### Provided data
----------
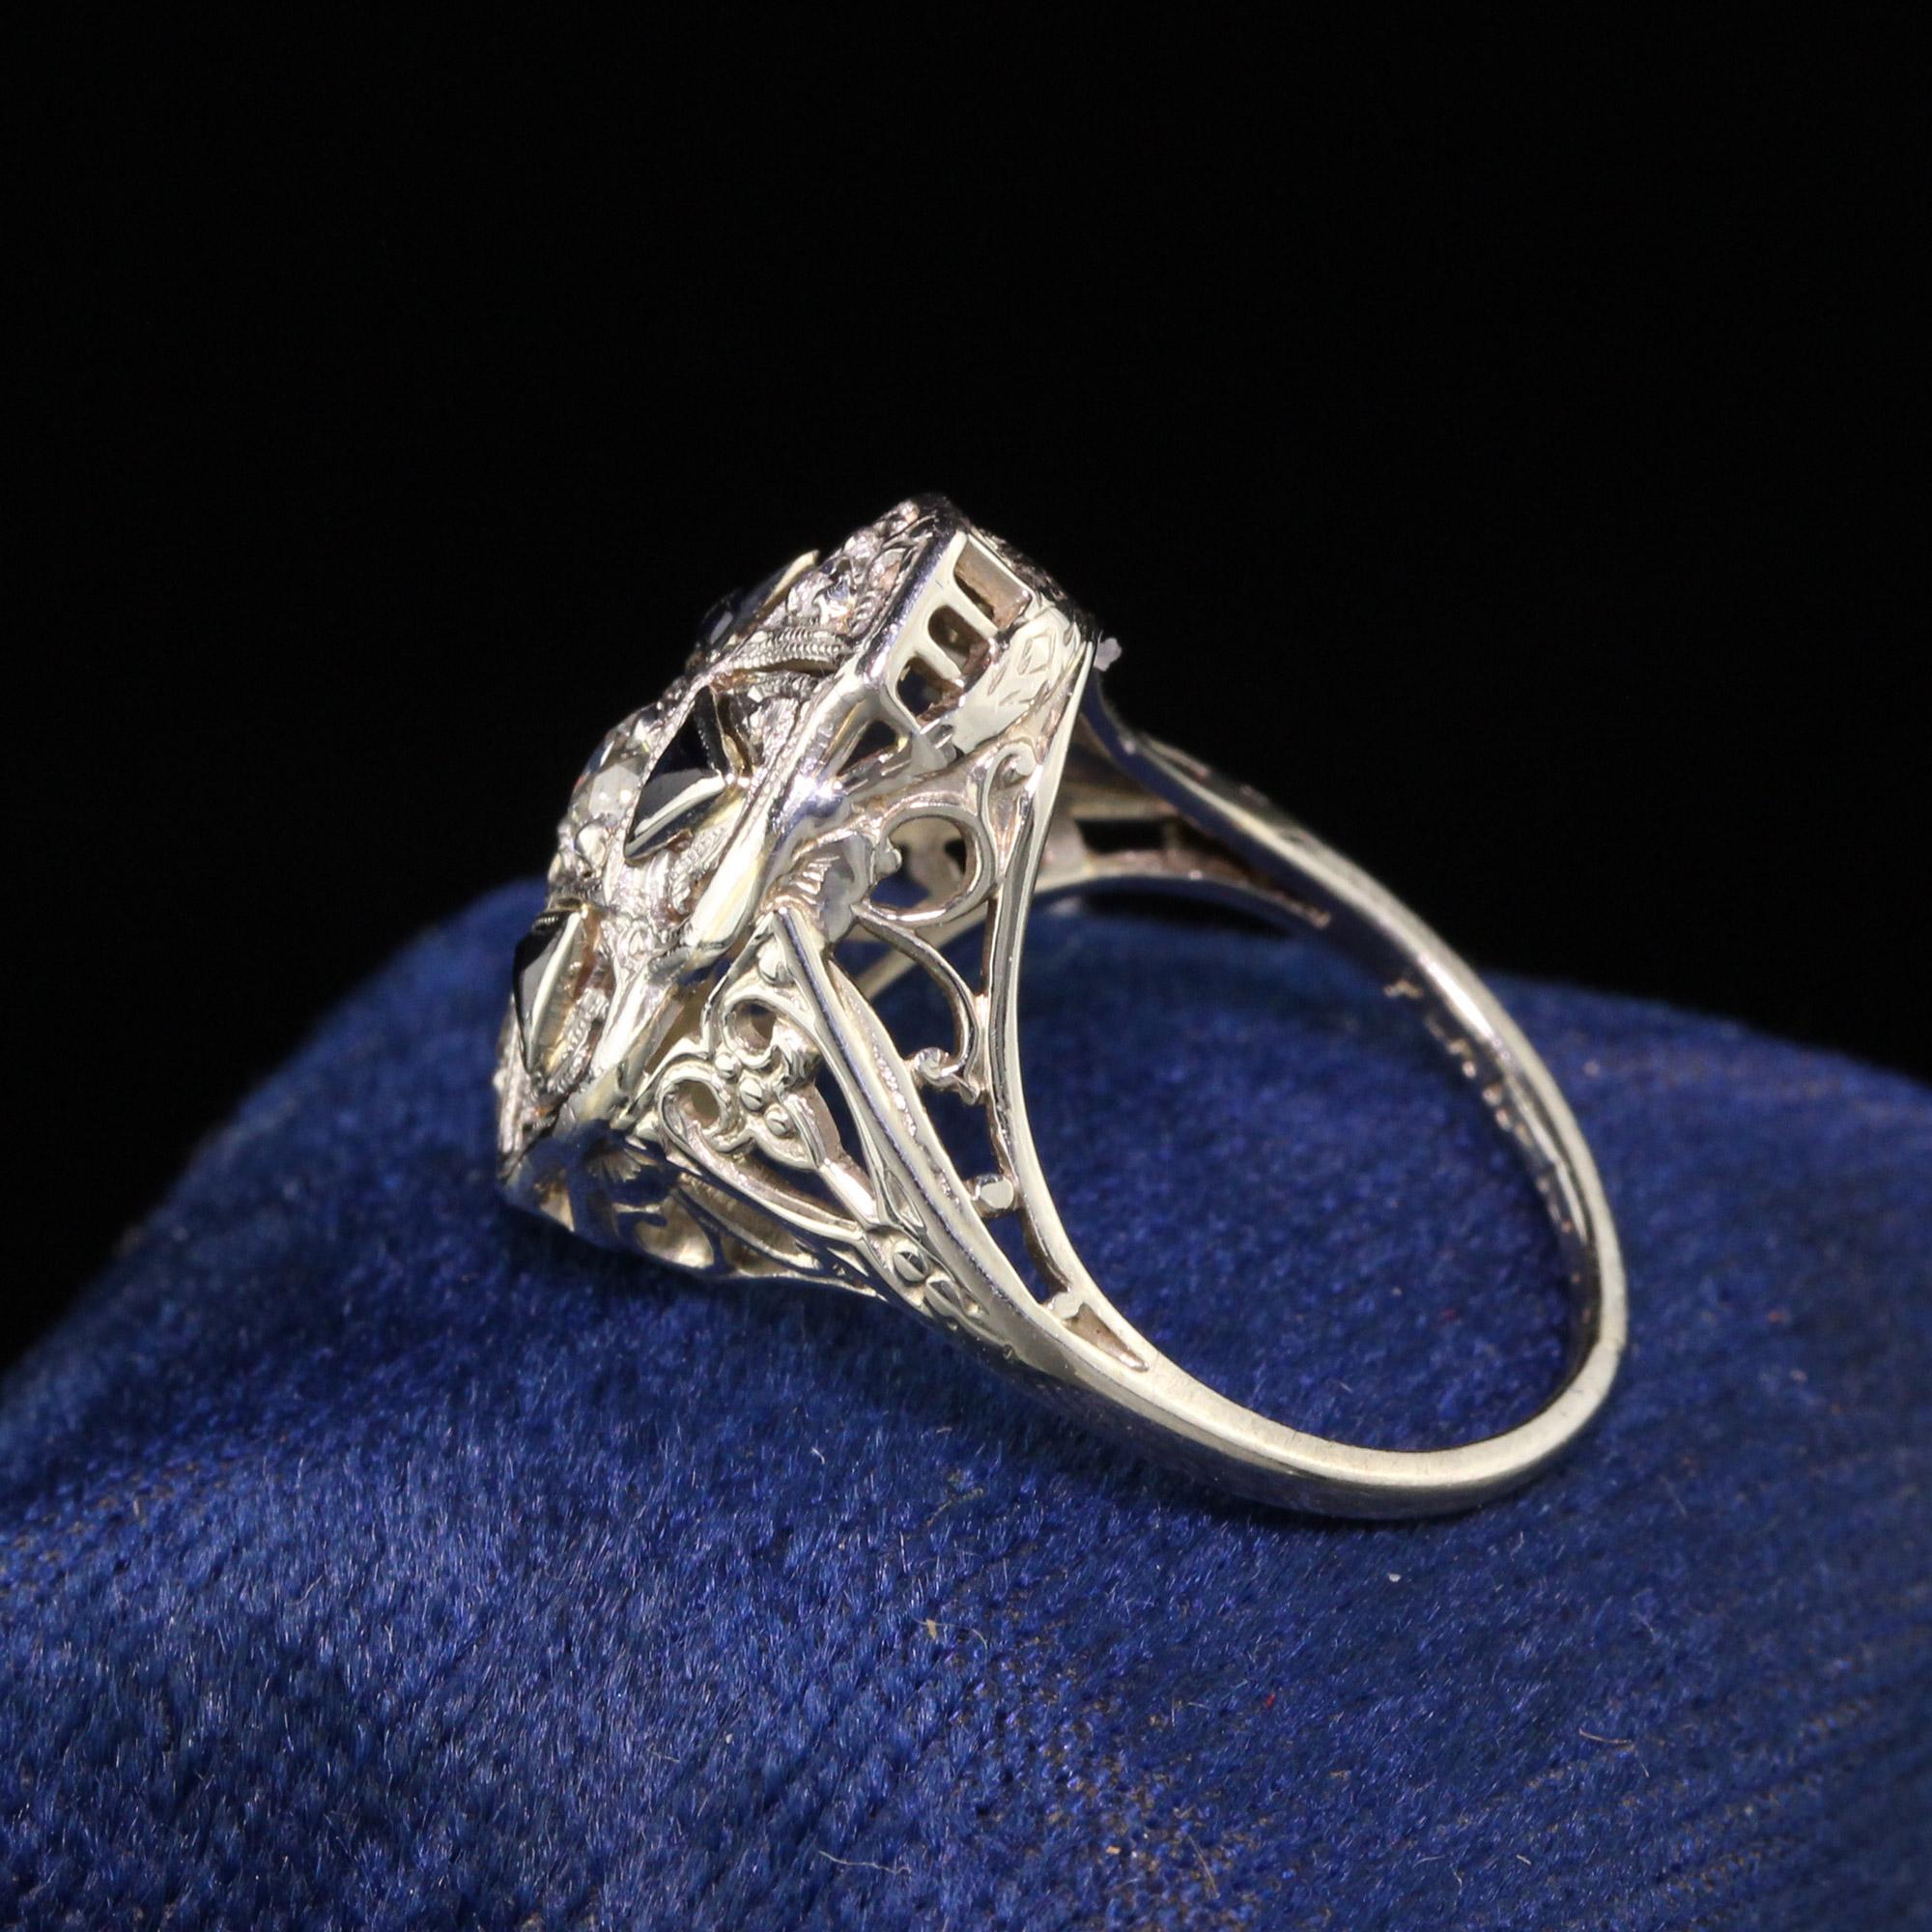 Wunderschöner antiker Art Deco 18K Weißgold Diamant und Saphir Schild Ring. Dieser schöne Art Deco Schild Ring zeigt erstaunliche alte europäische Diamanten und Saphire auf einem filigranen Weißgold Art Deco Ring. 

Artikel #R0622

Metall: 18K
----------
Aside from its pictures, the listing must be given again in full, exactly as it appears.

 Wunderschöner antiker Art Deco 18K Weißgold Diamant und Saphir Schild Ring. Dieser schöne Art Deco Schild Ring zeigt erstaunliche alte europäische Diamanten und Saphire auf einem filigranen Weißgold Art Deco Ring. 

Artikel #R0622

Metall: 18K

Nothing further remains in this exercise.